The Mobile Market in South East Asia

smartphone market

I had the impression mobile market was paramount in South East Asia even before moving here for my university exchange. I browsed real estate websites looking for a house to rent in Singapore and contacted dozens of agents via email, but nobody answered me. Upset, and with my departure date approaching, I tried to call the agents. To my surprise, they asked me if I had WhatsApp and invited me to negotiate by instant messaging. As a 21-year-old born and raised in Europe, this sounded to me rather personal and inappropriate: no Western real estate agent would ever do that. Nevertheless, I received pictures of the house and a copy of the rent contract on my phone, and in a few hours we closed the deal.

Southeast Asia has a population of 600 million, twice as the US. Smartphone adoption in these countries is expected to enjoy significant growth in the next two years. A major driver of this growth is demographic: youth tend to adopt new technologies more readily than older age groups and Southeast Asia is the home to one of the world’s largest youth populations.
Another reason is the push by mobile operators to expand high-speed networks like 4G/LTE in the region. According to a recent report by Sony Ericsson, WCDMA/HSPA is set to eclipse GSM by 2019 and LTE/4G is on track to grow to 60% coverage by the same year. In other words, the technologies supporting smartphones are spreading throughout the region, helping to make smartphones themselves more viable and accessible to more people.
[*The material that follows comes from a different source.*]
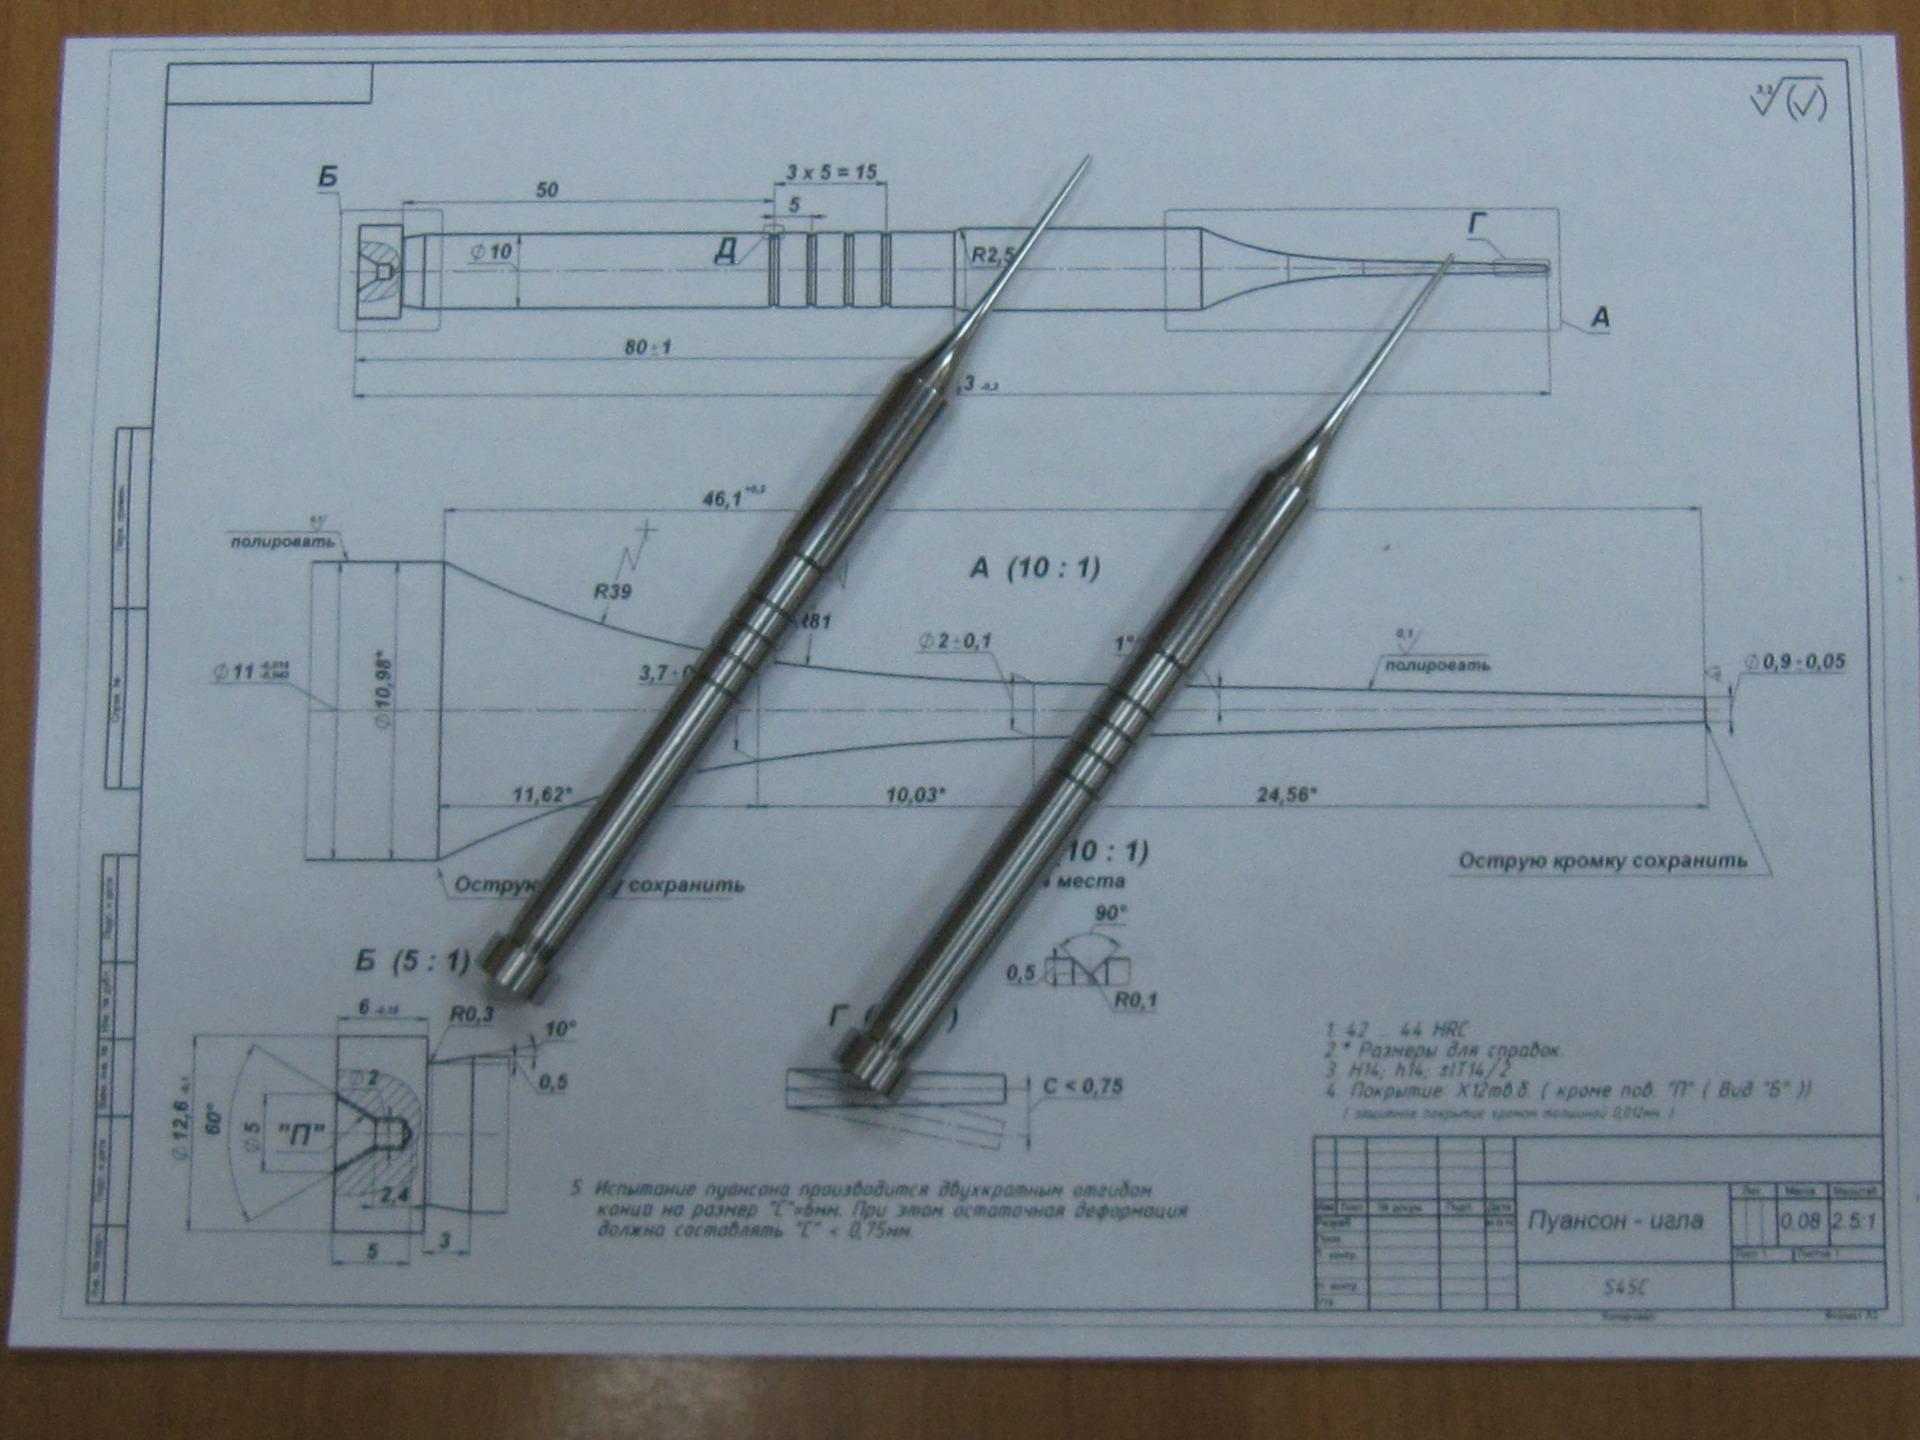 пуансон-игла, изготовление пуансон-игл, судоремонтная продукция, судоремонтный завод, штампы, пресс-формы

Southeast Asia is at the crossroads of two major socio-technical forces creating the perfect storm scenario: the convergence of “no tail” and “mobile leapfrogging”.

mobile tech

The “no-tail” phenomenon is caused by the fact that China and most of SEA countries never really went through the Web 1.0/1.5 boom. If we compare Internet penetration data from the US, China, and Thailand (the latter as a proxy for SEA, excluding Singapore), we’ll notice that the US went through the Web 1.0 and “Web 1.5” booms while having significant double-digit Internet adoption rates. In China and Thailand, these numbers were in the miserable single digits during the same periods. It wasn’t until Web 2.0 that China and Thailand started to see Internet adoption take off rapidly.
The effect of no tail is the development of Asia-specific business models. The Web 1.0 and, more importantly, Web 1.5 developments in mature markets like the U.S. and Western Europe led to an eco-system with a long-tail of publisher content on platforms such as Blogger.com and WordPress that gave rise to ad networks like Google AdSense. Hence, in mature markets, startups and internet companies have a tendency to go with advertising as their default stream of income – see Instagram, Pinterest, and recently Snapchat.
Because of the lack of this long tail in China and most of Southeast Asia, the online advertising industry has lagged behind, forcing both established firms and startups to look for non-advertising based monetization sources such as e-commerce and digital goods (value-added services).
Mature markets in Asia, such as Korea, Japan and Singapore, have a better-developed online advertising ecosystem due to the presence of a long-tail publisher ad inventory. As a result, these markets are less likely candidates for benchmarking the development of ad technologies, Internet, and e-commerce in SEA.

mobile market

For what concerns the term “mobile leapfrogging”, Southeast Asia has almost skipped the desktop computer era and has gone mobile-first.
The average Thai user has 1.49 mobile phones, or a 149% adoption rate, while the US and China are only seeing 91% and 77% adoption rates respectively. What is striking about Thailand is that only in 2009, mobile penetration was just 1%. However, in 2013, after the launch of 3G network, the figures jumped to 56%, beating mature markets.
In most countries computer adoption is still high, but smartphone adoption has overtaken computer adoption for the first time in the past year. There are appears to be no countries outside Asia where smartphone penetration is higher than computer penetration.
In Asia, consumers are living in a mobile-first world that needs new products and services built with mobile in mind, not as a nice-to-have. Local companies are noticing this trend and quickly adapting to it. How? Again, through mobile commerce.
Lazada, for example, an e-commerce firm headquartered in Singapore with the goal of being “the Amazon of Southeast Asia”, makes more than 50% of its traffic from mobile channels. In addition, large players such as Rakuten, Alibaba and SingPost have already moved into mobile commerce.

International players should stop looking at the US, China or even Korea or Japan for inspiration about the future of mobile, because it is not happening there. Those mature and developed markets carry heavy legacy of the internet desktop era, whereas Southeast Asia started with a clean state, in a unique position to experiment and develop new business models on mobile.    There is a great chance for Asian businesses to lead the world in mobile-first innovation by reacting fast to the revolution that has happened on the streets right outside their office doors. And we expect B2C, C2C and “impulsive buy” buttons to be the new black.